Speech-to-Phrase brings voice home - Voice chapter 9

Welcome to Voice chapter 9 🎉 part of our long-running series following the development of open voice.

We’re still pumped from the launch of the Home Assistant Voice Preview Edition at the end of December. It sold out 23 minutes into our announcement - wow! We’ve been working hard to keep it in stock at all our distributors.

Today, we have a lot of cool stuff to improve your experience with Voice PE or any other Assist satellite you’re using. This includes fully local and offline voice control that can be powered by nearly any Home Assistant system.

Dragon NaturallySpeaking was a popular speech recognition program introduced in 1997. To run this software you needed at least a 133 MHz Pentium processor, 32 MB of RAM, and Windows 95 or later. Nearly thirty years later, Speech-to-Text is much better, but needs orders of magnitude more resources.

Incredible technologies are being developed in speech processing, but it’s currently unrealistic for a device that costs less than $100 to take real advantage of them. It’s possible, of course, but running the previously recommended Speech-to-Text tool, Whisper, on a Raspberry Pi 4 takes at least 5 seconds to turn your speech into text, with varying levels of success. This is why we ended up recommending at least an Intel N100 to run your voice assistant fully locally. That stung. Our opt-in analytics shows over 50% of the Home Assistant OS users are running their homes on affordable, low-powered machines like the Home Assistant Green or a Raspberry Pi.
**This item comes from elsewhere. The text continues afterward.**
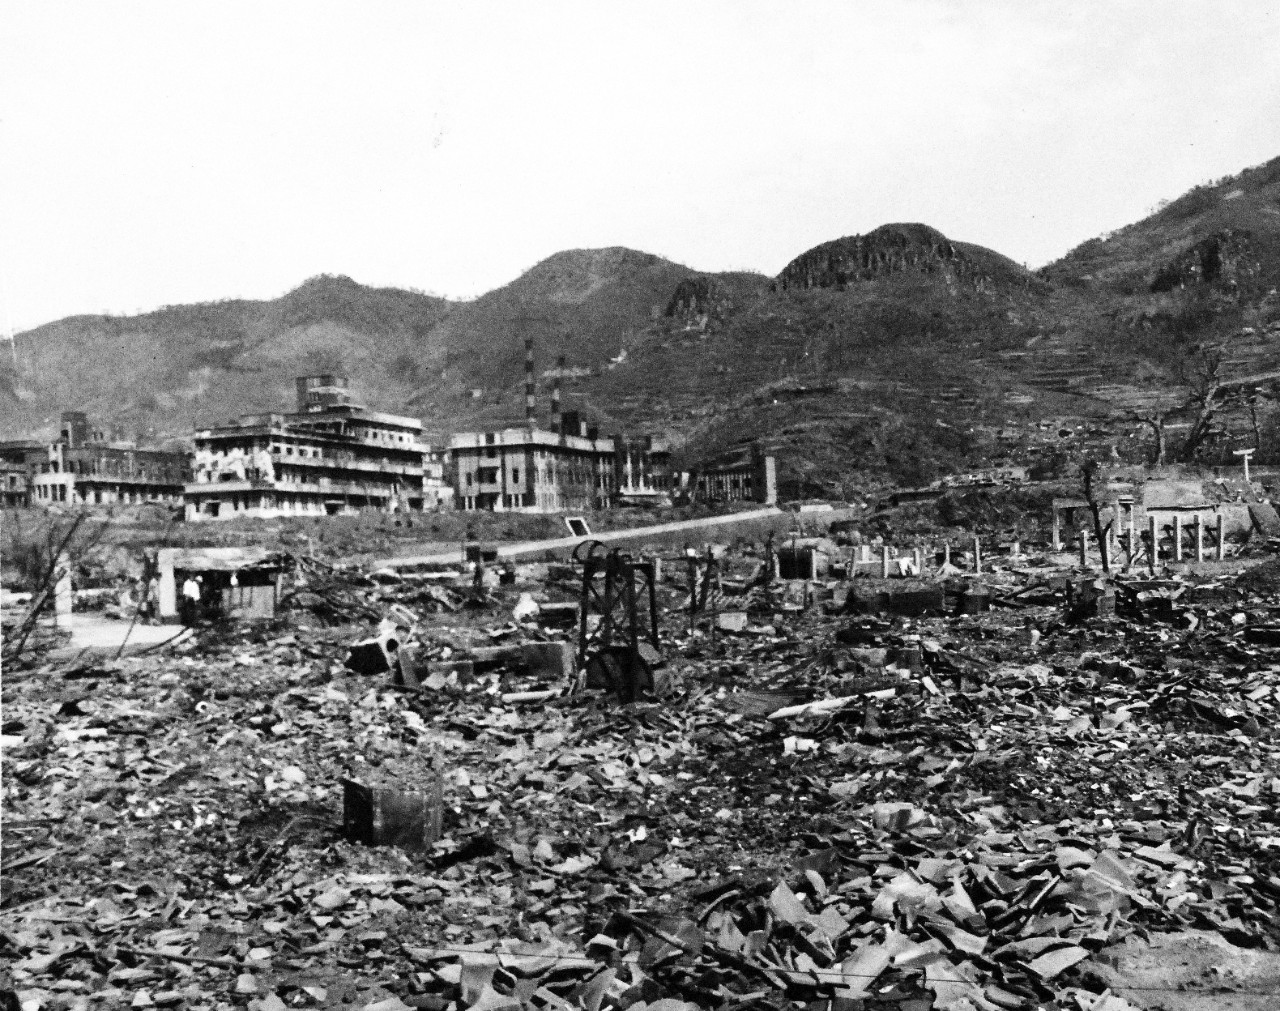 80-G-264911:   Nagasaki, Japan, 1945.   View of the bomb damage from August 9, 1945.  Altitude of 300’.  Photographed by USS Chenango (CVE-28) aircraft on October 15, 1945.  Official U.S. Navy photograph, now in the collections of the National Archives.   (2015/12/01).

What’s more, advancing the development of Whisper is largely in the hands of OpenAI, as we don’t have the resources required to add languages to that tool. We could add every possible language to Home Assistant, but if any single part of our voice pipeline lacks language support, it renders voice unusable for that language. As a result, many widely spoken languages were unsupported for local voice control.

This left many users unable to use voice to control their smart home without purchasing extra hardware or services. We’re changing this today with the launch of a key new piece of our voice pipeline.

Voice for the masses

Speech-to-Phrase is based on old, almost ancient, voice technology by today’s standards. Instead of the ability to transcribe virtually any speech into text, it is limited to a set of pre-trained phrases. Speech-to-Phrase will automatically generate the phrases and fine-tune a model based on the devices, areas, and sentence triggers in your Home Assistant server - 100% locally and offline.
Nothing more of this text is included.